Неторопливо задавал свои вопросы председательствующий. Трофимову понравилась спокойная, доброжелательная манера, с какой он обращался к подсудимому, предоставлял слово прокурору или защитнику. Чувствовалось, что он знает свое дело и умеет настойчиво и твердо вести судебное разбирательство. Аккуратная гимнастерка и затянутая в черную перчатку неподвижная левая рука красноречивее всяких слов говорили о прошлом этого человека. Его твердое смуглое молодое лицо внушало симпатию, и Трофимов с удовлетворением подумал: «Судья здесь как будто на месте».
Прислушиваясь к спокойным вопросам председательствующего и нервным, сбивчивым ответам подсудимого,
Теперь Лукин пытался оправдать себя тем, что был тогда очень пьян, говорил, что ничего не помнит. Свидетели же утверждали, что Лукин был не столько пьян, сколько раздражен и не мог не отдавать себе отчета в том, что делал. Неясной оставалась причина, побудившая Лукина совершить этот позорный поступок. Если не докопаться до причины, если ограничиться только доказательством самого факта виновности Лукина, установить для него статью и вынести приговор, то суд, советский суд, не сделает самого главного, самого важного: не заставит Лукина понять и признать свою вину.
Трофимов понимал, что только очень внимательное, очень чуткое отношение к подсудимому поможет суду найти правильное решение в этом, казалось бы, простом деле.
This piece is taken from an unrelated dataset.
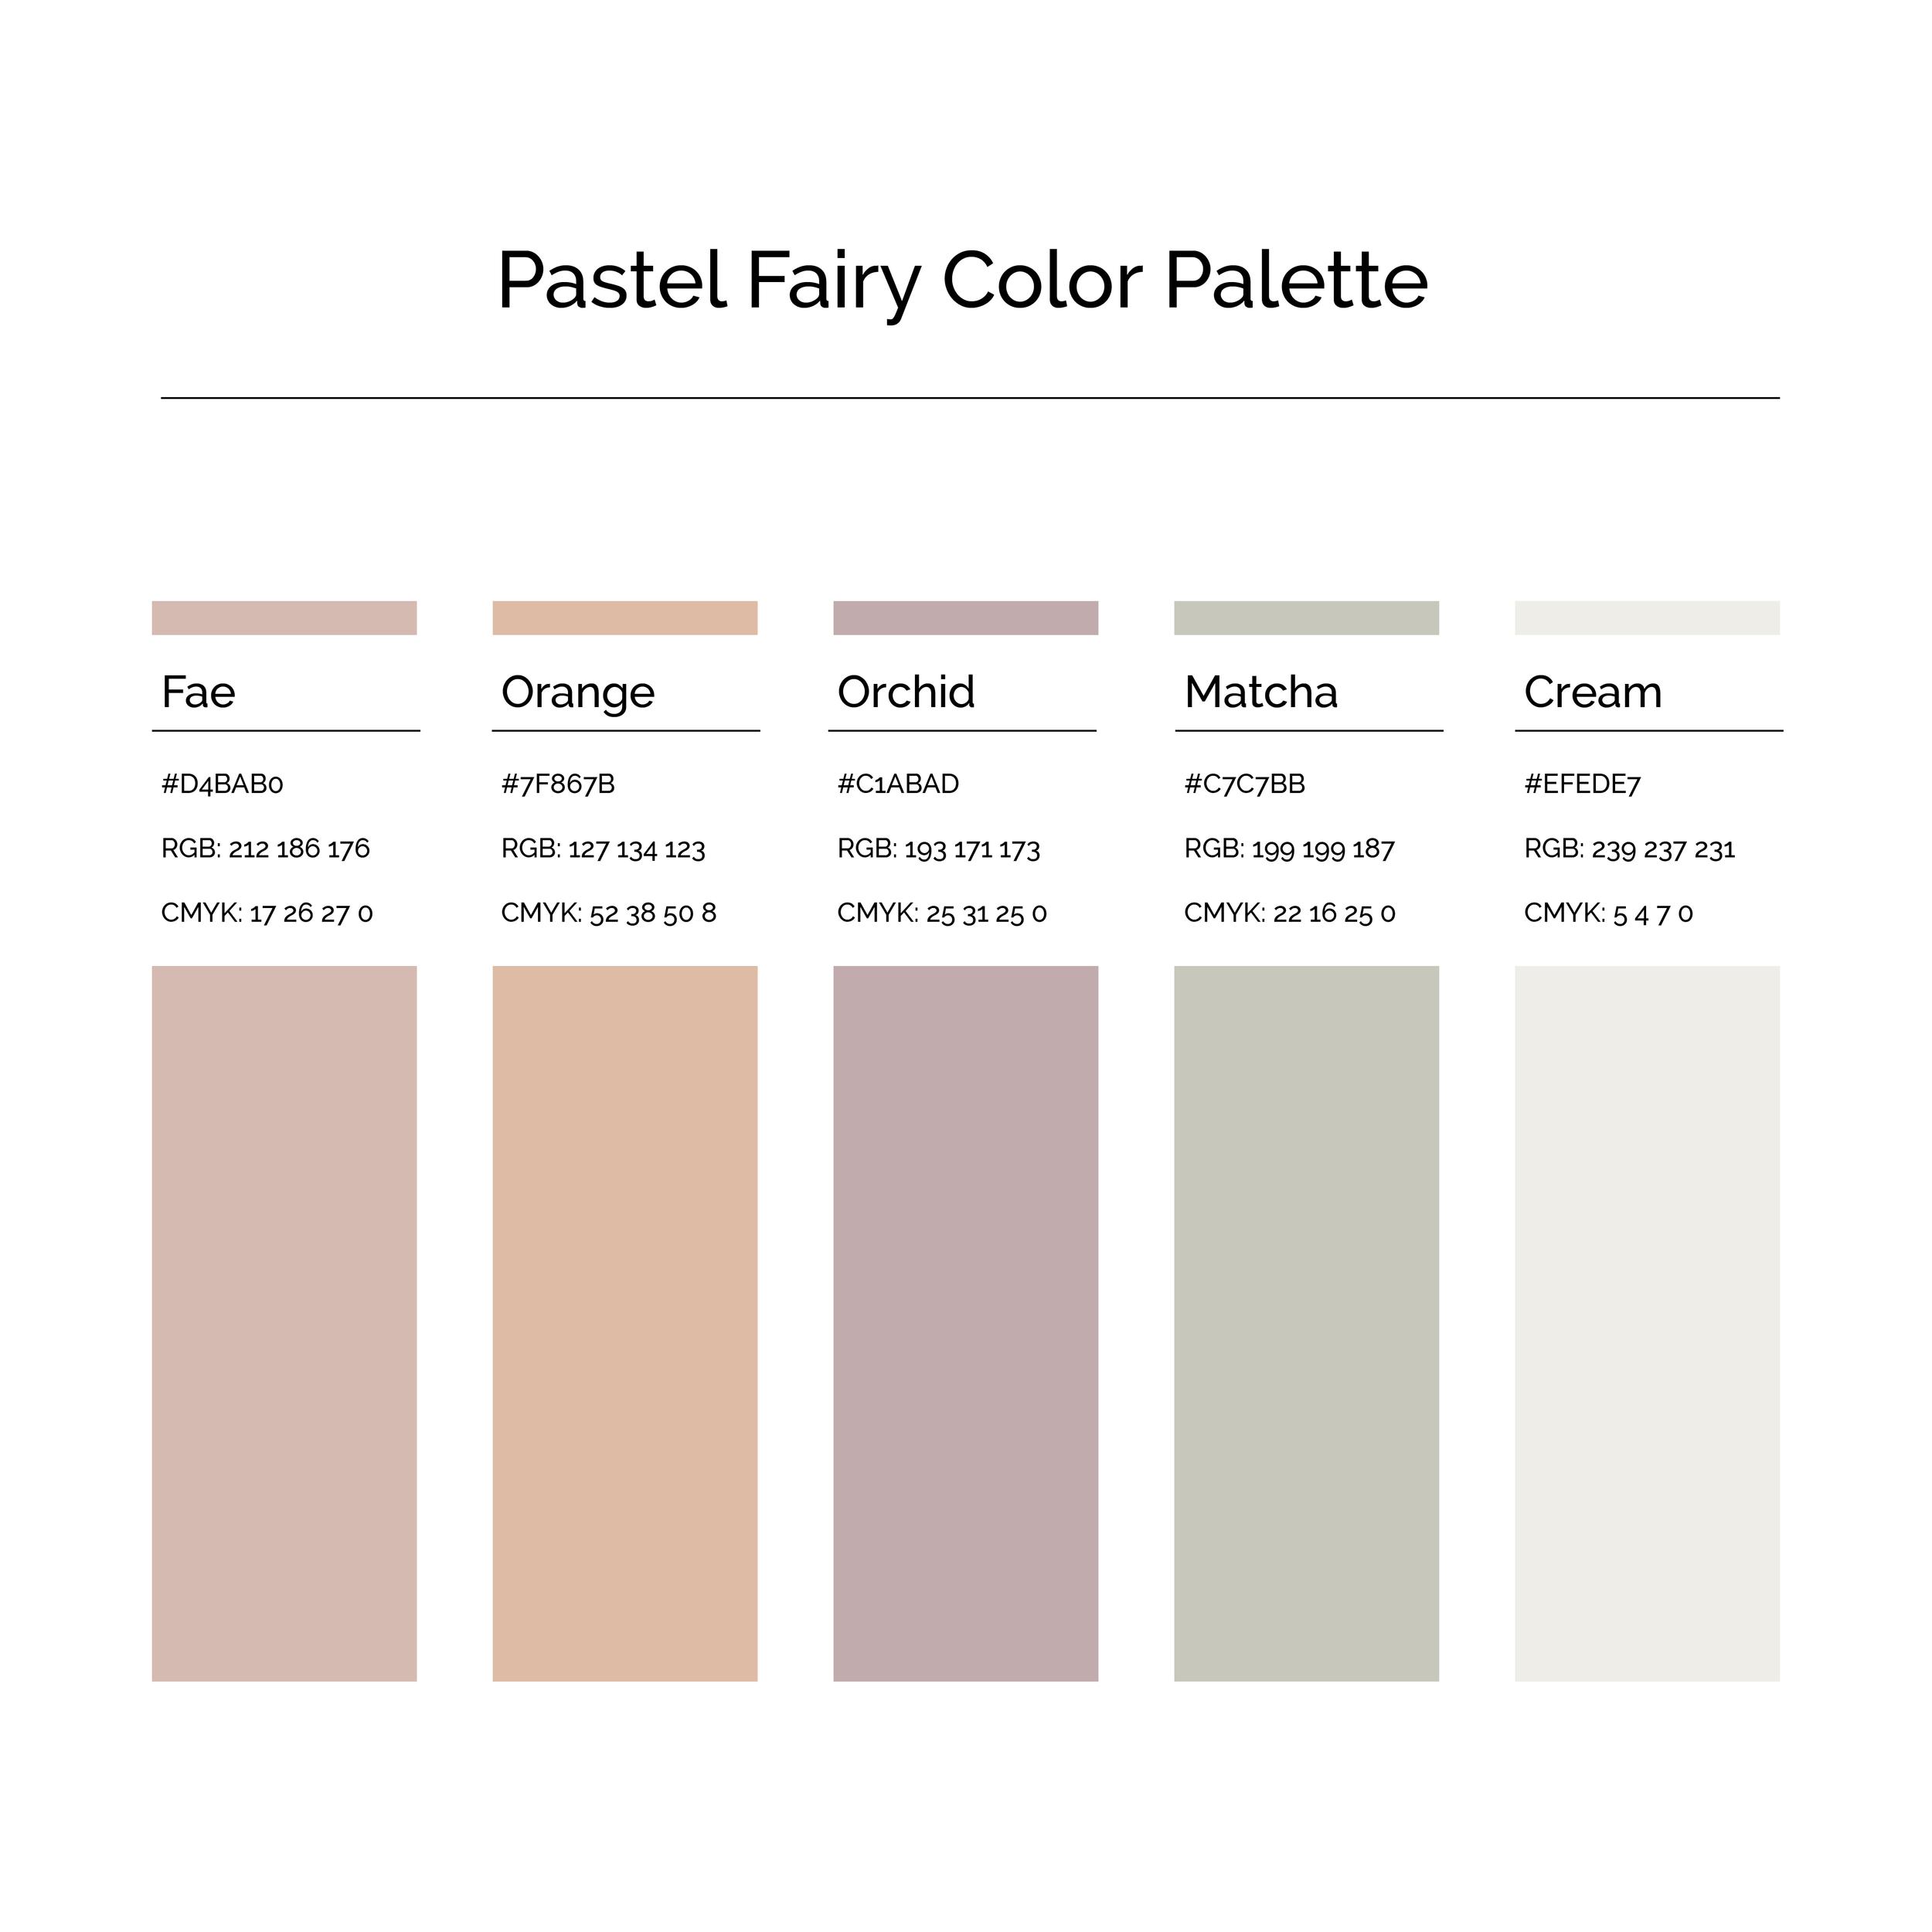 15 More Color Palettes | Pastel Fairy Color Palette

Он понимал, что ложная гордость и стыд, а возможно, и страх перед наказанием мешают Лукину говорить правду. Правда же эта была необходима не столько для суда, сколько для самого Лукина, для его жены, для их близких.
Понимали ли это прокурор и судья? Со все растущим беспокойством прислушивался Трофимов к вопросам, с которыми они обращались к подсудимому. Да, не было сомнения: судья добивался от Лукина именно той правды, о которой думал Трофимов, он пытался установить не только виновность подсудимого — она была очевидна, — но хотел, и это было главное, выяснить причину, побудившую Лукина так тяжко оскорбить жену. Прокурор же действовал чересчур прямолинейно. Рассерженный упорством, с которым Лукин пытался умалить свою вину, прокурор, видимо, принял твердое решение просить у суда о самом строгом наказании для подсудимого.
«Сто сорок шестая и сто пятьдесят девятая: шесть месяцев исправительно-трудовых работ! — решил про себя Михайлов. — Чтобы неповадно было! Мальчишка!.. Ее жалко — любит мужа… — Невольно Михайлов подумал о своей дочери, кончавшей в этом году десятилетку. — Вот и моя Катюша, того гляди, приведет в дом доброго молодца. Какой-то он будет? Может, тоже драться пожелает? Ну, нет!..» — и разгневанный этими мыслями, прокурор раздраженно пробормотал:
— Сто сорок шестая и сто пятьдесят девятая по совокупности!
— У вас есть вопросы к подсудимому? — спросил его судья.
— Нет, мне все ясно.
«Все ясно! — повторил про себя Михайлов. — И что это судья с ним разговоры разговаривает? Молодой еще, маловато опыта, — вот и тянет. А мне за двадцать лет судебной практики… — Тут Михайлов мысленно вернулся к тому, о чем мучительно думал последние дни, с тех пор как из области пришло уведомление об откомандировании его на учебу и о том, что на смену ему направляется новый прокурор. — Да и мне, видно, двадцатилетнего опыта маловато… — Он с горечью покачал головой. — Когда я еще молодым человеком сложнейшие дела расследовал, матерых вредителей за ушко да на солнышко выводил, тогда мне опыта и знаний доставало, а теперь вот, чтобы этакого, например, петуха призвать к порядку, надо, оказывается, специальный институт кончать. — Михайлов горько усмехнулся. — Что ж, я солдат: приказано учиться — буду учиться».
Тут, почувствовав на себе чей-то пристальный взгляд, он повернул голову и увидел Трофимова.
«Кто таков?» — насторожился Михайлов, уловив в обращенном к нему лице незнакомца напряженное внимание, с каким тот следил за ходом процесса.
«Наверно, дружок подсудимого», — предположил прокурор, но тут же подумал, что на приятеля Лукина человек этот никак не похож. Михайлов снова глянул на него и заметил осуждение в его ответном взгляде.
Да, Трофимов осуждал Михайлова. С недоумением смотрел он на прокурора, который так прямолинейно, так торопливо вел дело. С недоумением и осуждением отнесся Трофимов и к заявлению
прокурора о том, что ему все ясно.«Что же тебе ясно? — с досадой думал Трофимов. — Под какую статью можно подвести вину Лукина? Для этого не стоило и суд начинать. Дело ведь далеко не такое простое! Посмотри, посмотри на мою соседку, на ее горестное лицо. Нет, товарищ прокурор, ничего-то тебе не ясно».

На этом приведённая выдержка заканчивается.